“滚!”燕破岳本来要踹他,但由于不想张腿而作罢。
又过了一段时间,大家发现燕破岳更郁闷了,吕屠本着人道主义,怕他是上次任务留下了心理阴影,找了机会单独约谈。
半小时后,吕屠严肃地走出来,马不停蹄一路拐进了总指挥室,才笑出声,秦锋有幸分享了这份快乐。
说起来其实很简单,燕破岳因公被剃的毛已经长得七七八八了,但仅限于重要部位,身上的其他部分依旧光秃秃。
燕破岳的世界,从那天以后彻底变了……他再也没见过他引以为傲的腿毛,再也没有。
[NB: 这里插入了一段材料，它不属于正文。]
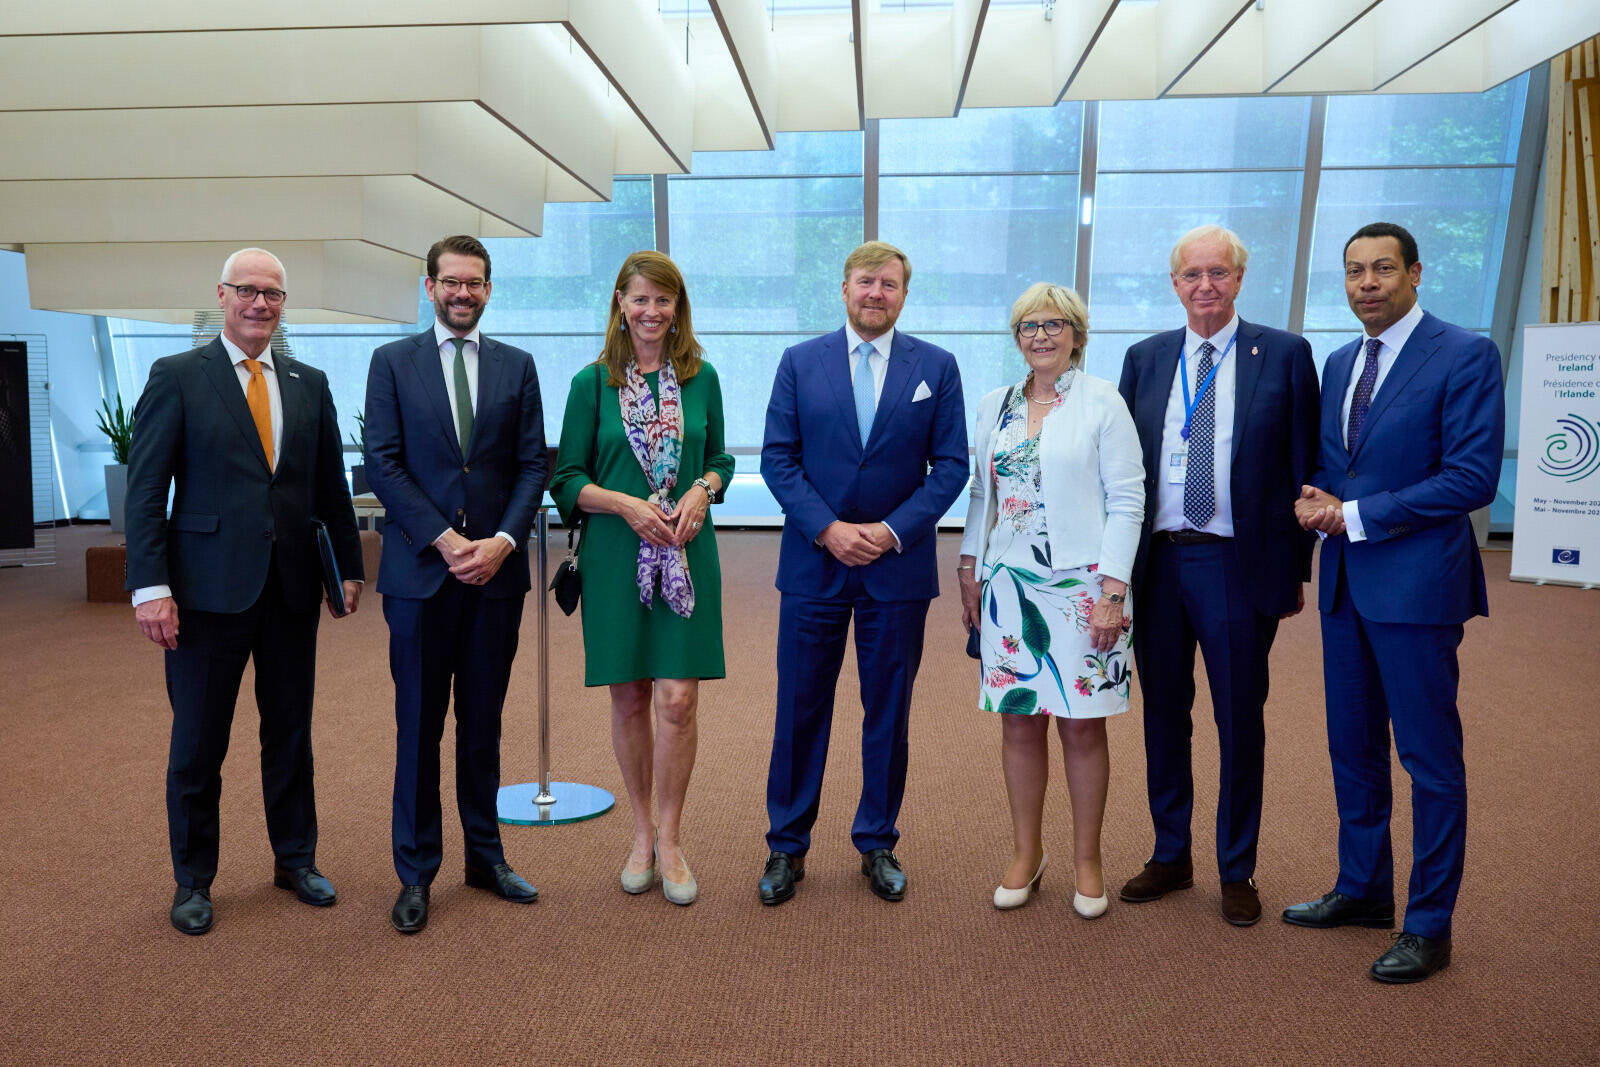 Voor de Nederlandse delegatie stond de toespraak van Koning Willem-Alexander in de hémicycle op donderdag 23 juni centraal, inclusief zijn ontmoeting met de delegatie en het debat over de verantwoordingsplicht voor het neerhalen van vlucht MH17.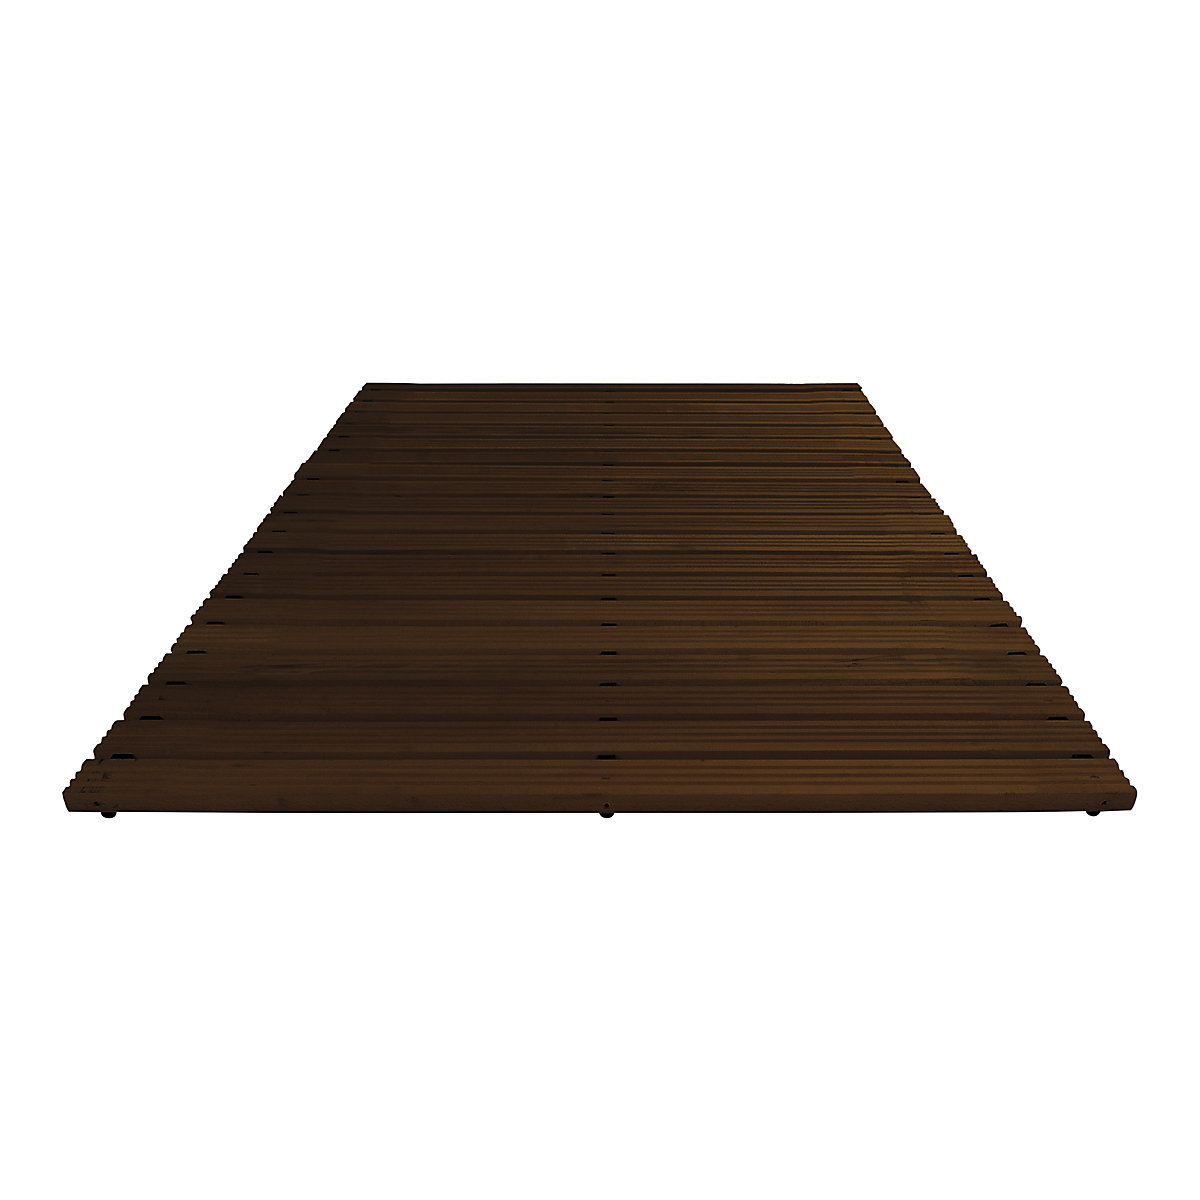 Pasarela de madera con barnizado oscuro, por metro lineal, sin biselado, anchura 1200 mm

他很认真地在悲伤,其他人听了却都在狂笑,可见人类的悲欢并不相通。
伤过的心很容易将悲愤转化为嫉妒,尤其是“别人都有我没有”的不平衡心态驱使下,燕破岳终于心理变态了——萧云杰说的。
作为第一名受害者,他被腿上密密麻麻的针扎感痛醒时,第一反应是自己被俘了,随后他才意识到虐俘一般不采取拔腿毛这么残忍的手法。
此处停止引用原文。